Monday, August 14, 2006
IRELAND'S UNTOUCHABLE CULT OF SATANISTS!
"Some victims are killed with terrible methods.This terror induces the release of endorphins to the blood which is then consumed by Satanists to achieve a 'high'."
Jaysus.
CONGOTRONICS
The other thing I like about this record is how un-world musicy it is. You don’t listen to it feeling like you are listening to a product world of timeless tradition, untainted by outside influences. This is a mutant music of permanent revolution, produced by musicians who are embracing modernity (or post-modernity). Oh sure, there is a suggestion of some kind of origin in traditional music of some sort, but there is nothing precious or anti-developmentalist about it.
Weirdly, with its syncopated drumming and somewhat ramshackle sounds, this record strikes me as almost being like the Langley School Music Project meet Adam And The Ants (with different vocalists). There is definitely one track where the drumming sounds like ‘Ant Rap’. Who knows, because Konono No. 1 sing in foreign I can’t make out what they are saying, but maybe they are saying their names in a culturally relevant Marco-Merrick-Terry-Lee style.
LATER Thinking about it again, I must qualify that Langley Schools Music Project comparison. I do not mean by it that Konono No.1 are unskilled musicians or that they are operating at some kind of instinctive level, with their ideas on how to make music untainted by any intellectual ideas of technique or suchlike. Rather, It’s like they have the same kind of can-do attitude, and a willingness not to be held back by apparently major problems. In Konono No.1’s case, they have the lack of proper instruments & amplification equipment, which is overcome by making instruments out of scrap metal and building loudspeakers from magnets salvaged from car batteries. With the Langley Schools Music Project, there is the genuine lack of skill on the part of so many of the musicians; this is overcome by just making the goddamn record anyway.

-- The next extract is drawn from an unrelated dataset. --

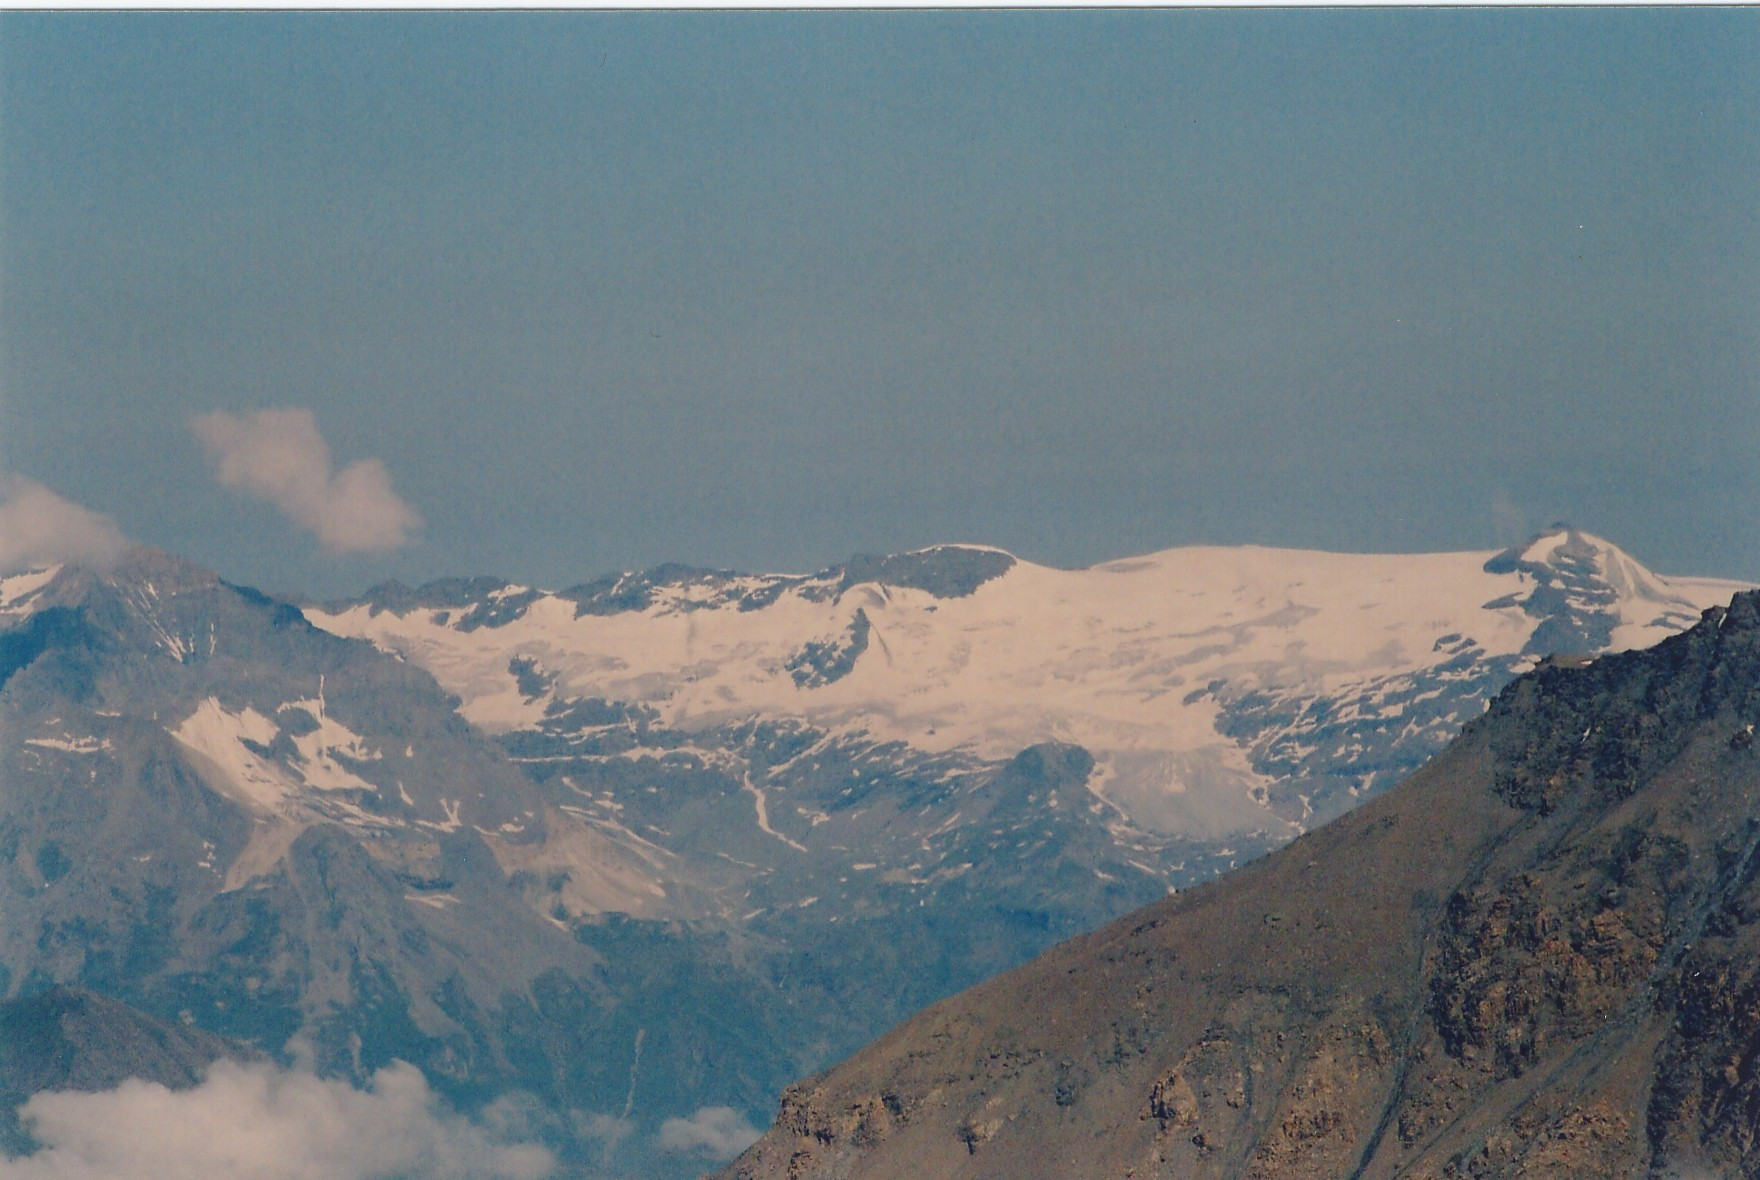 Ghiacciaio Vanoise-glaciers-de-vanoise-dal-rocciamelone-16-07-2006.jpg
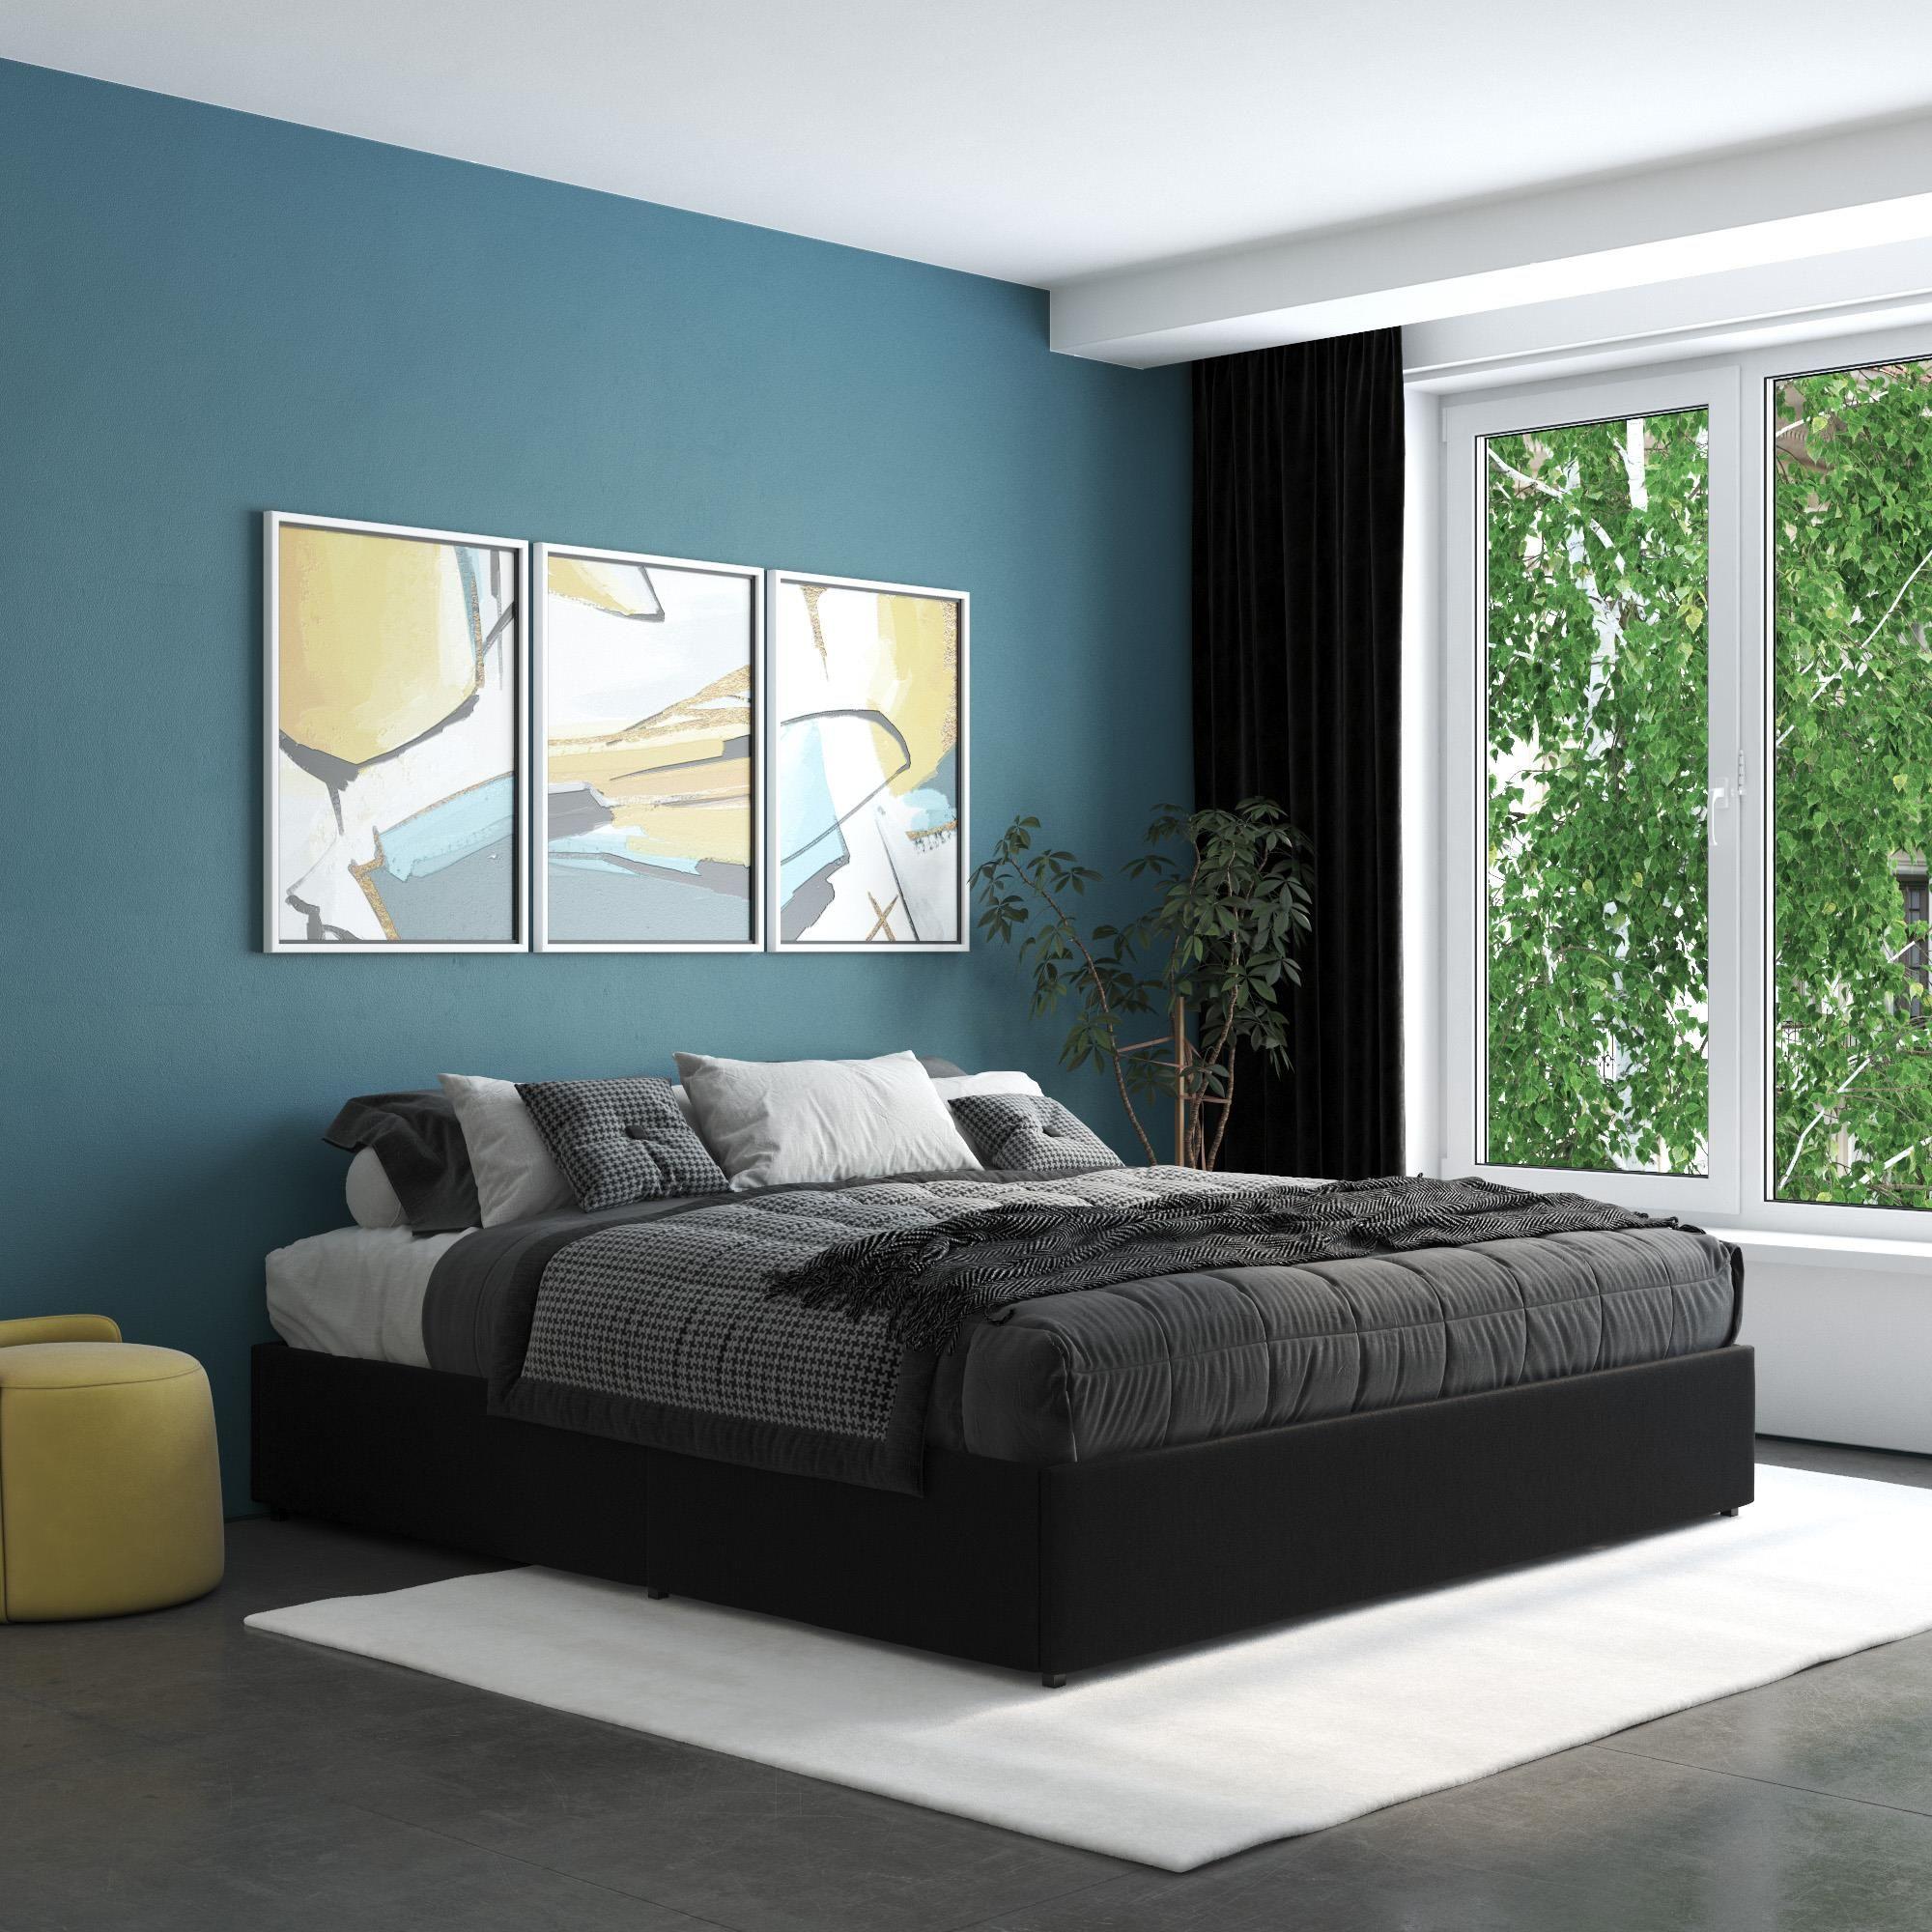 Home in 2020 Platform bed with storage, Black bedding

Anyway, I understand that many people do not like the Langley Schools Music Project, but you would have to be some kind of fun hater to not dig the Congotronics.
Sunday, August 13, 2006
Lightless in Gaza
Things in Gaza are pretty grim... the Israelis blew up the power station after their soldier was kidnapped, meaning that one million Palestinians now have very precarious access to drinkable water.
Earth 2
On drums, they boast none other than Ped, formerly of Frankie Goes To Hollywood.
On guitar and synths, there’s John Oates, of Hall & Oates.
On lead vocals, solo sensation Matthew Wilder, and assisting on rapping, none other than our very own Devastatin’ Dave.
I have yet to think of a name for this band.
Saturday, August 12, 2006
Three CDs
Ciccone Youth The Whitey Album
As you and I know, this is basically Sonic Youth going experimental and electronic with a few guest musicians pulled in. I remember back in the 1980s hearing bad things about it, but this was from a source then hostile to the Sonic Youth project. More recently I had heard very good things indeed about the cover version of Robert Palmer’s ‘Addicted To Love’ and eventually seen its video. It has Kim Gordon singing the tune over a montage of shots of soldiers from the Vietnam War doing stuff. On record, ‘Addicted To Love’ is a corker, with the Youth nailing the kind of classic pop sound towards which they have always had a tendency. The other tracks had been described to me as mere pissing about, but they are not unlike the kind of discordant soundscapes Sonic Youth themselves produced in the period, except that here the noise is made more with synths than guitars. Oddly, the record as a whole reminds me of the Byrne/Eno/Talking Heads axis that would have been roughly contemporary with this record (or a bit earlier? Chronology never my strong point).
The Clangers Original Television Music
In fairness, the title is misleading – I don’t think the Clangers themselves actually made this record. As you know, the Clangers live on another planet and talk in strange piping voices. There is a Soup Dragon who lives in a cave, and she serves them soup. Once this plant grew on their planet with musical notes for fruit. The soup dragon ate all the notes and music came out of her whenever she opened her mouth. This story is recounted in the opera The Iron Chicken and the Music Trees, act one of which is included on this disc.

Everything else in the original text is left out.